What to do: Transcribe the listing exactly, so that nothing but the pictures is missing.

Source material:

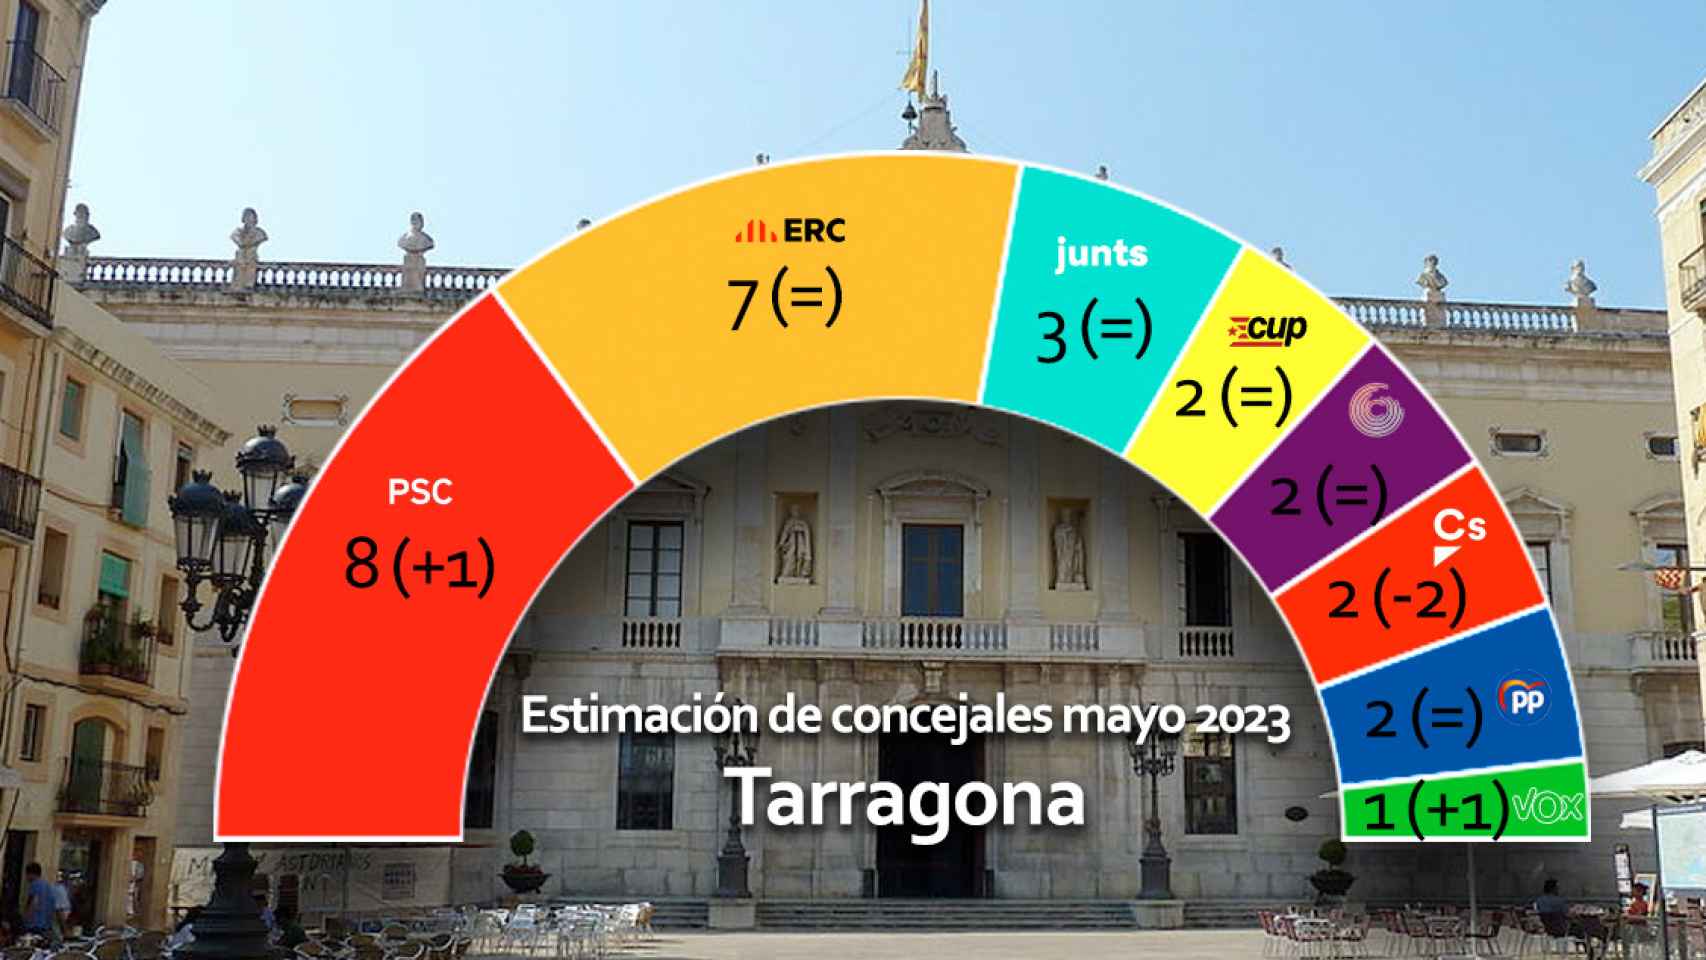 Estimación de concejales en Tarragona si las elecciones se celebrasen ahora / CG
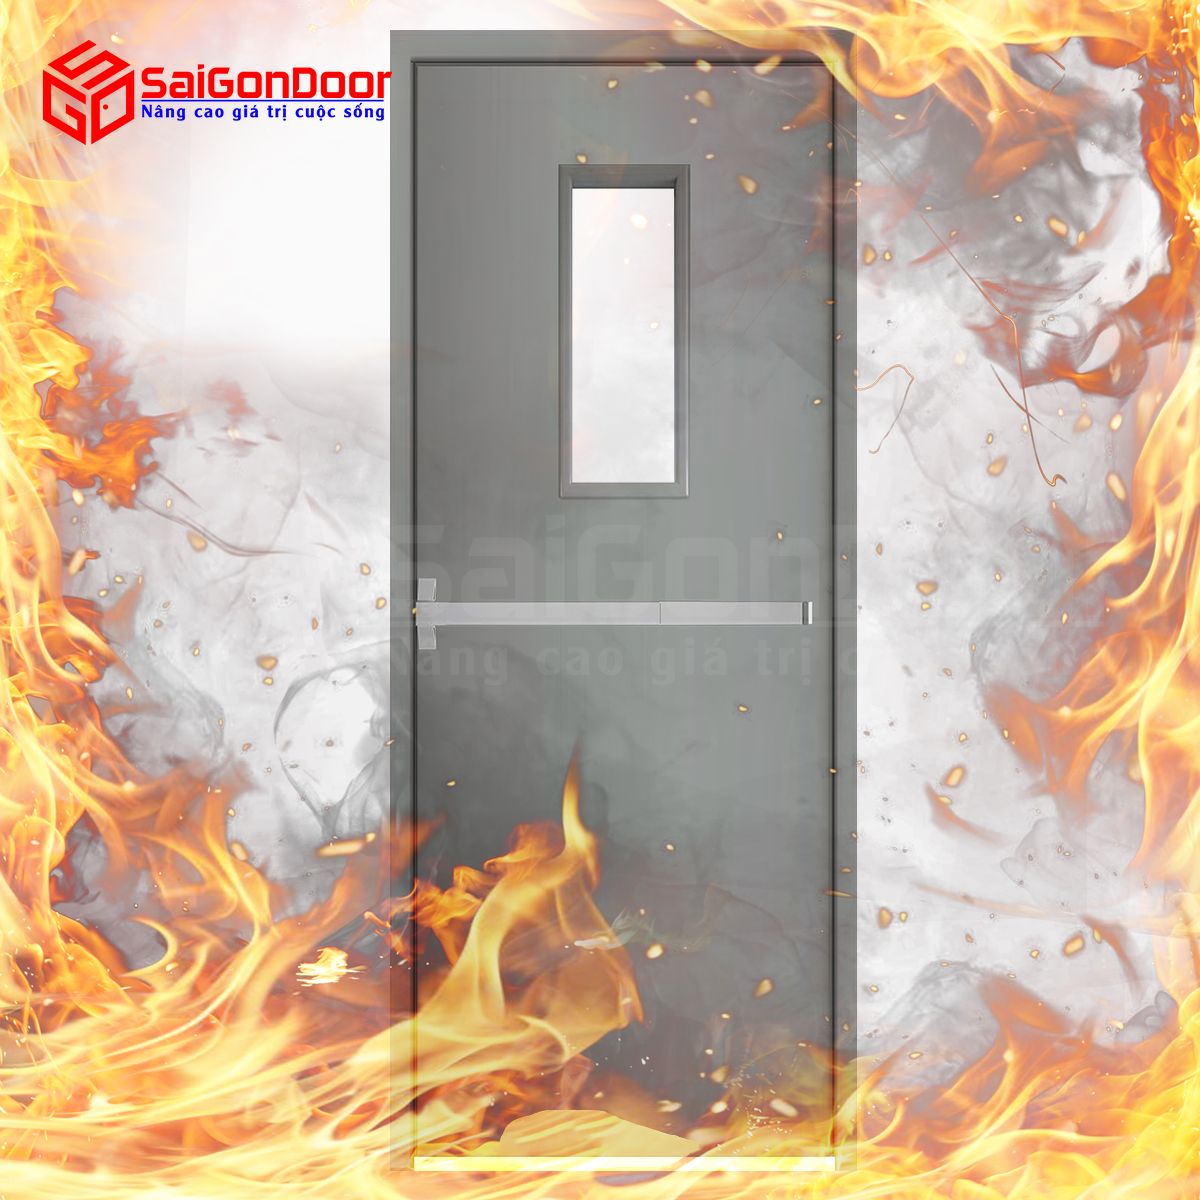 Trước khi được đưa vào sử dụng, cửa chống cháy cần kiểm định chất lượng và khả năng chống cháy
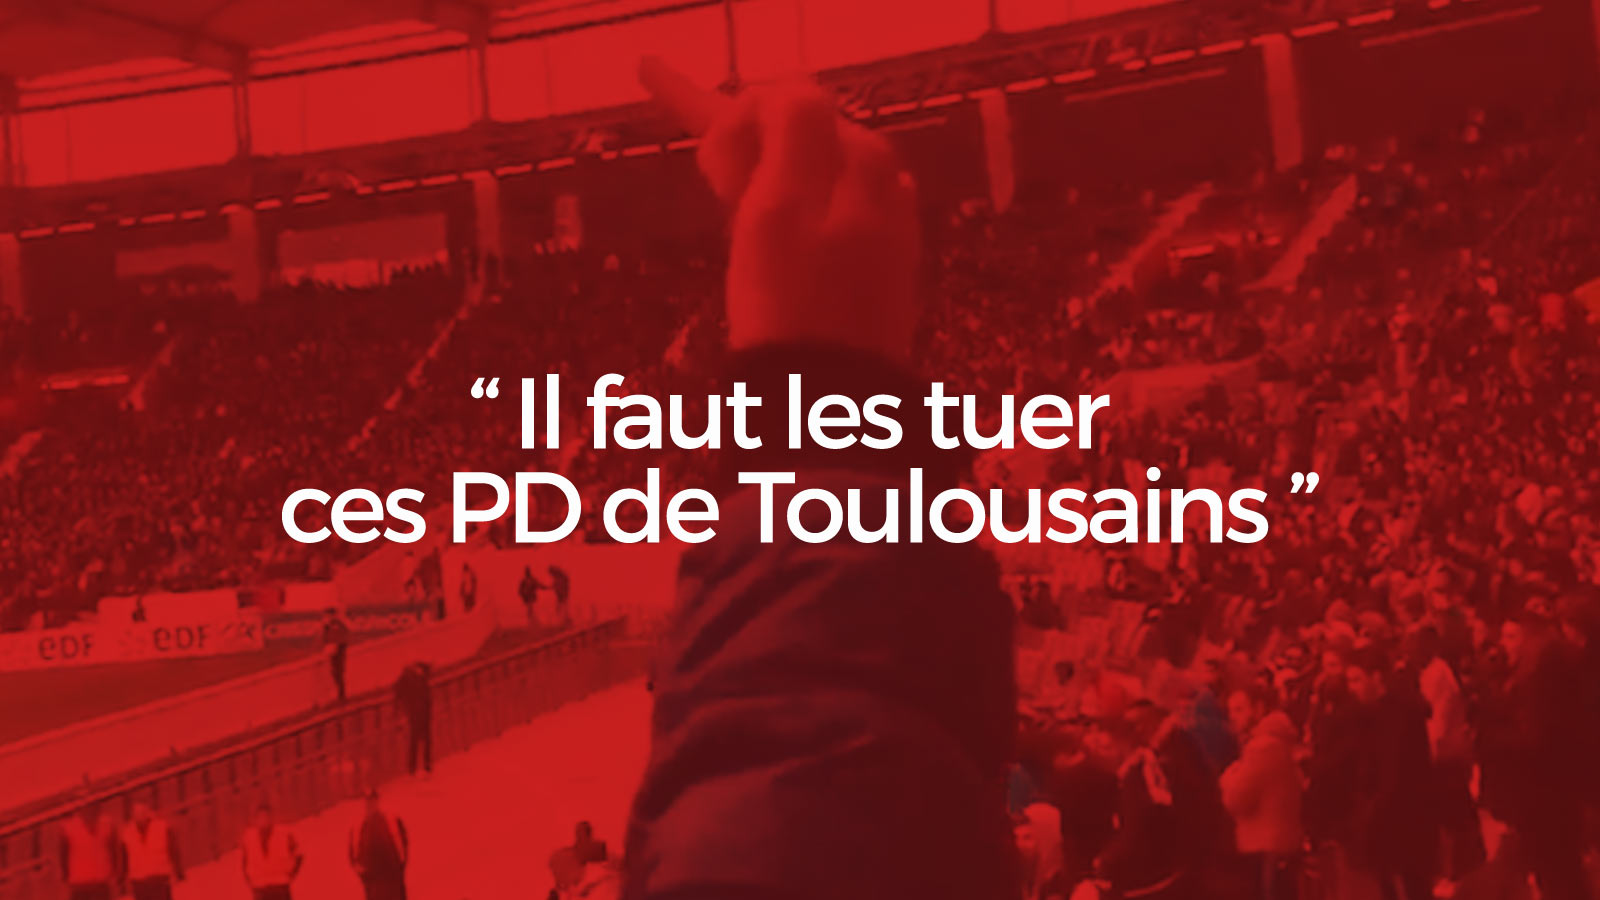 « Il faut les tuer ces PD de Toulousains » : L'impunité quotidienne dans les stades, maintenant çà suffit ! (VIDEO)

Answer to the problem:
 Estimación de concejales en Tarragona si las elecciones se celebrasen ahora / CG
 Trước khi được đưa vào sử dụng, cửa chống cháy cần kiểm định chất lượng và khả năng chống cháy
 « Il faut les tuer ces PD de Toulousains » : L'impunité quotidienne dans les stades, maintenant çà suffit ! (VIDEO)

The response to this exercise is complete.